Wednesday, July 20, 2011

The Schoolboy

It has been said that the game of golf reveals a person's true character. The game also teaches life lessons that cannot be learned in a classroom. This is especially true for junior golfers. The Schoolboy is a day in the life of a reluctant junior golfer who is forced to play in the local junior golf tournament. Tony Rosa captures the angst and insecurities of the protagonist, "Sam, the main character, is in the middle of his first day of being kicked out of the nest himself. His mother has done her work and it is up to him to see if he can fly."

Golf is the least of Sam's problems. His father died and he is feeling his way through his teens as the man of the house. He has a little brother in the tournament, too. Sam's grouping for the tournament is a slice of life from both sides of the tracks. His partners include a country club kid, a cheater, and a hustler. Sam's core values are tested from the first tee until play is stopped.

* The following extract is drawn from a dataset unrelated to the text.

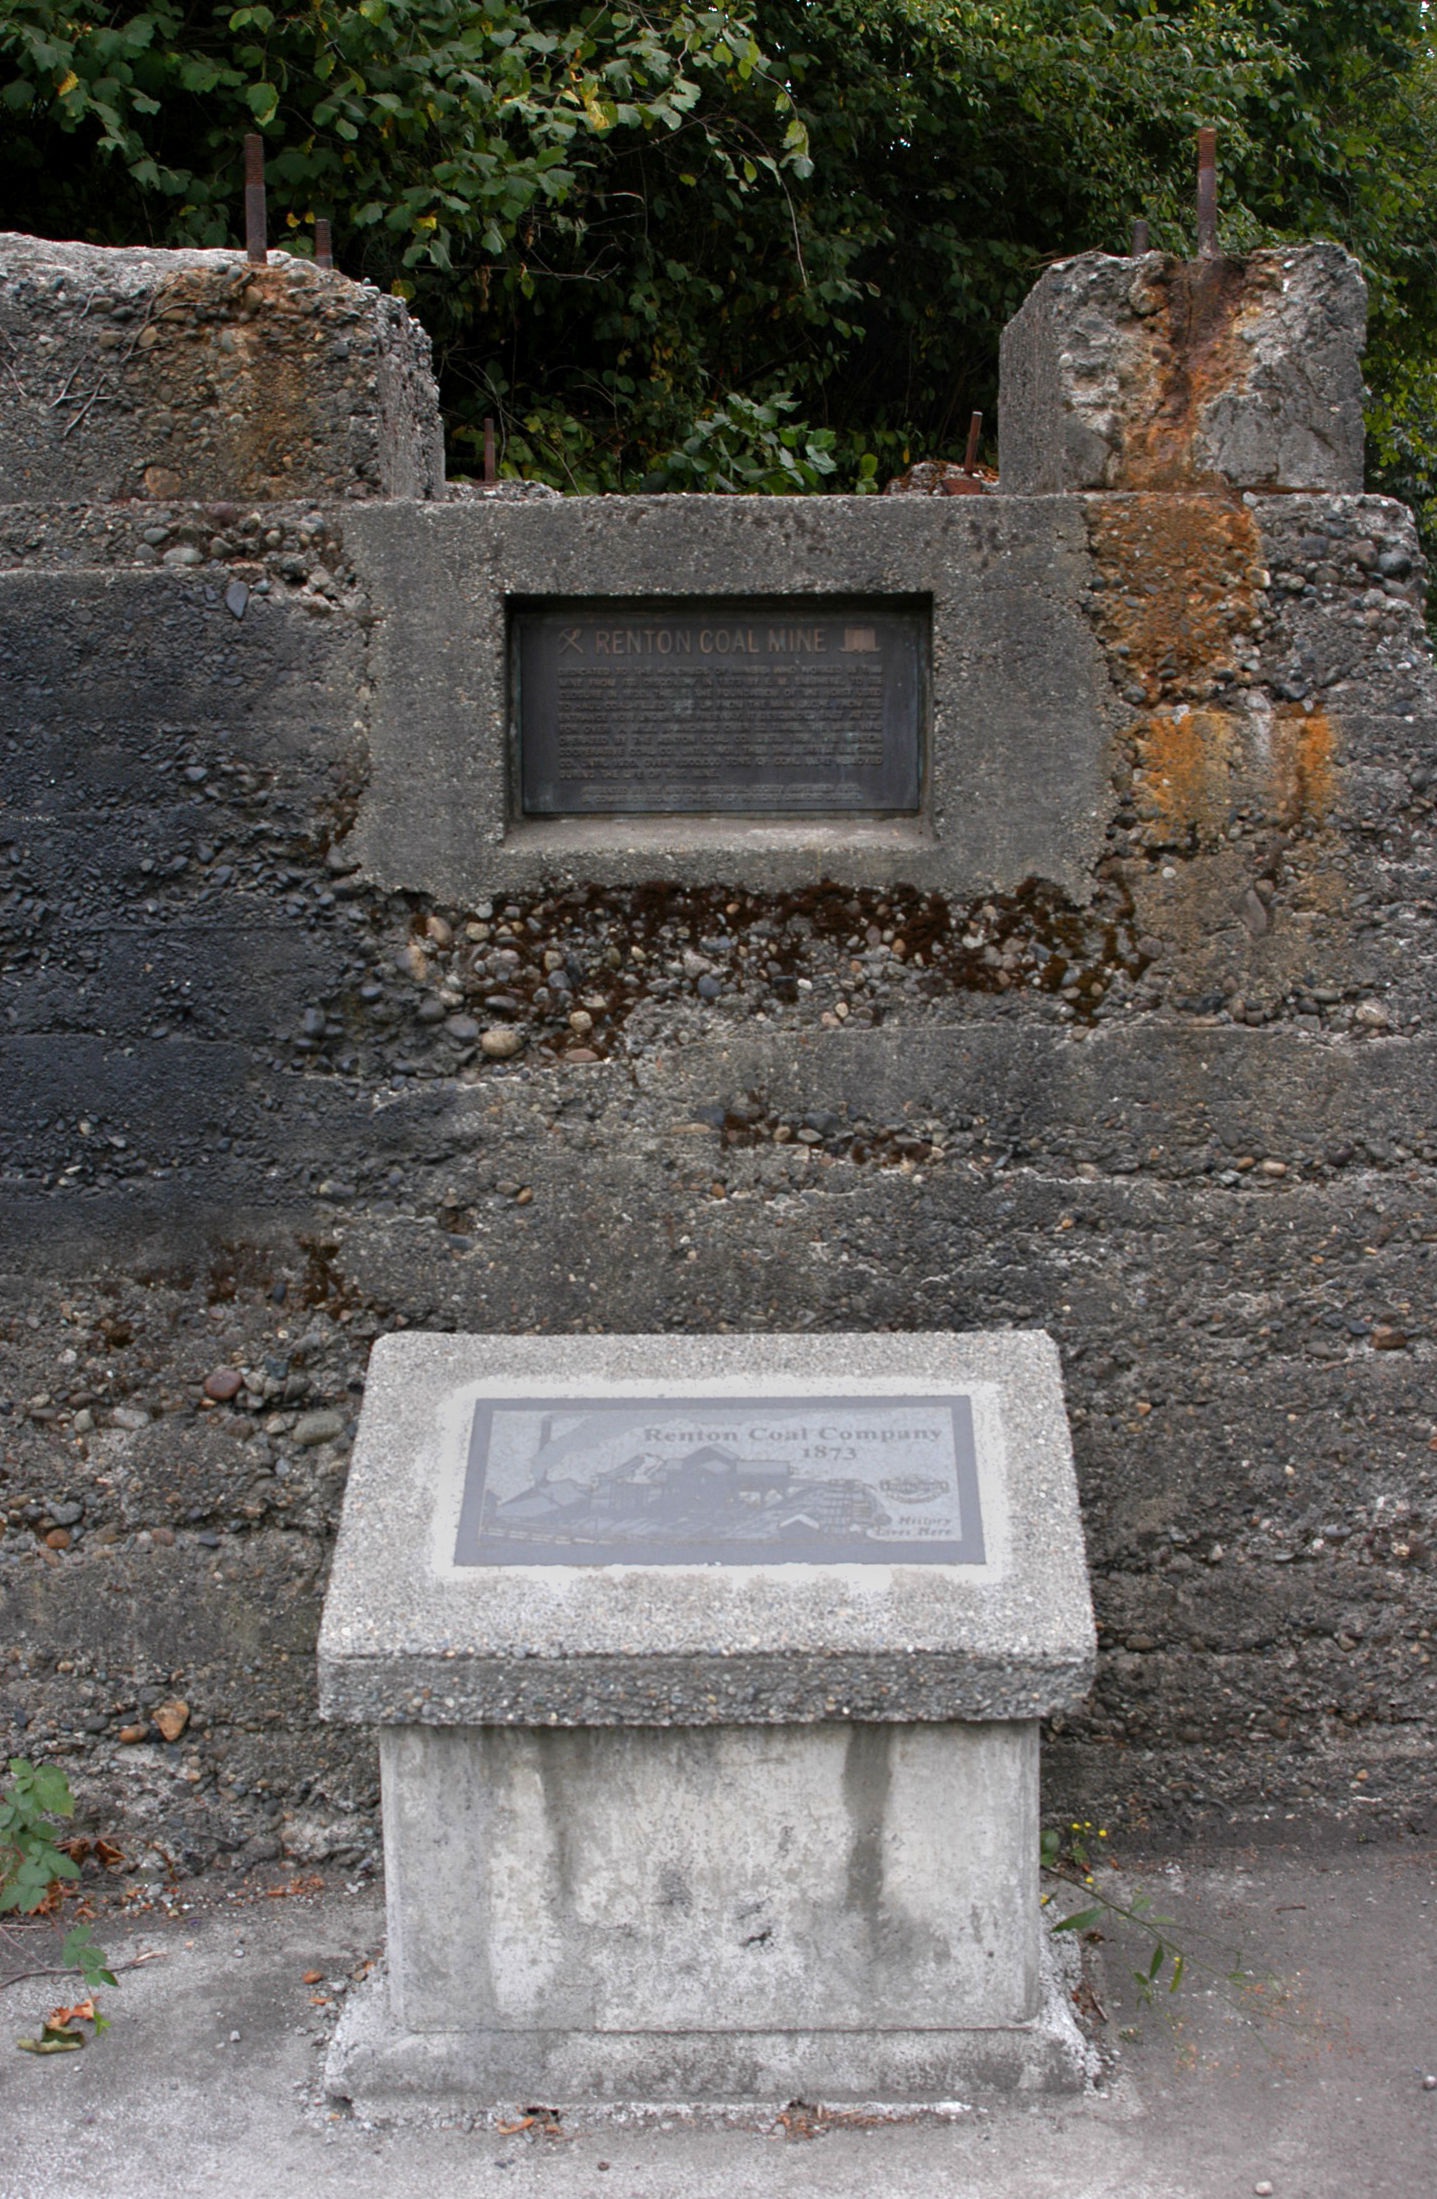 Historical plaques

Set in the 1980s, Sam's world of golf does not include Tiger Woods, PS3, or junior golf programs. He learned the game from his grandfather. His golf resume consists of hitting balls in the park with friends. He is alone, yet he is brave. The Schoolboy was inspired from Rosa's own experiences as a teen, "I asked myself: What was the first time you ever felt like you were on your own? I immediately thought about my mother dropping me off at the municipal golf course to play in a junior golf tournament." He adds, "I signed up on my own and played with a group of strangers and could remember how alone, yet, how different things were going to be for me after I had proved I could do something on my own."

The saga that develops in The Schoolboy is a wonderful paradigm for young readers. Sam is tempted. Sam learns that guilt is a powerful emotion. Readers learn that if you are excluded based on your character and principles, then you have learned that bravery is not immediately rewarded. GOLFChicago highly recommends The Schoolboy for our junior golfers.